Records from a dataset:
======

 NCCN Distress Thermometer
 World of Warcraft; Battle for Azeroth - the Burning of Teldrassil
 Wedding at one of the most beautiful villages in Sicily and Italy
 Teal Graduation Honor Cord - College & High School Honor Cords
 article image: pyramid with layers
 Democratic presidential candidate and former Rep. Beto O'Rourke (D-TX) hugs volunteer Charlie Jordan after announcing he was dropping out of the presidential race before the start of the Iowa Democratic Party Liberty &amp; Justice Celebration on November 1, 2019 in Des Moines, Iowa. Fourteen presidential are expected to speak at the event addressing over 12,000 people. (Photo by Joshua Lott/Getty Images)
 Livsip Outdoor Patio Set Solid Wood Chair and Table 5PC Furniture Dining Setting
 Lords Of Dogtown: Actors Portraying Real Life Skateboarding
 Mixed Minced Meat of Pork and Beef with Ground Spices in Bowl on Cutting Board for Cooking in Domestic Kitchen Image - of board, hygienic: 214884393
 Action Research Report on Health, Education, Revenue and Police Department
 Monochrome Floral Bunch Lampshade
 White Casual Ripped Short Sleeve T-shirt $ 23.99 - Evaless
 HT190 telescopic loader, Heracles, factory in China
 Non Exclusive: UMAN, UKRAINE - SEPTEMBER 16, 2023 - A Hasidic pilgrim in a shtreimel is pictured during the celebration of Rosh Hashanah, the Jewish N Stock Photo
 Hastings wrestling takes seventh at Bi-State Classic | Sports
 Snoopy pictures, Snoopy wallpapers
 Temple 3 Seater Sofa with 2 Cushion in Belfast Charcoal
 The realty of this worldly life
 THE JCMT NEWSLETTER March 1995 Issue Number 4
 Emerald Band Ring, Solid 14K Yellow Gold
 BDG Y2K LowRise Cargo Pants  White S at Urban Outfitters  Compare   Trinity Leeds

======

*THE TASK*
The answer must be an exact copy of the lines from the one containing "Non Exclusive: UMAN, UKRAINE" through the last line of the records, both included.

*COMPLETED EXERCISE*
 Non Exclusive: UMAN, UKRAINE - SEPTEMBER 16, 2023 - A Hasidic pilgrim in a shtreimel is pictured during the celebration of Rosh Hashanah, the Jewish N Stock Photo
 Hastings wrestling takes seventh at Bi-State Classic | Sports
 Snoopy pictures, Snoopy wallpapers
 Temple 3 Seater Sofa with 2 Cushion in Belfast Charcoal
 The realty of this worldly life
 THE JCMT NEWSLETTER March 1995 Issue Number 4
 Emerald Band Ring, Solid 14K Yellow Gold
 BDG Y2K LowRise Cargo Pants  White S at Urban Outfitters  Compare   Trinity Leeds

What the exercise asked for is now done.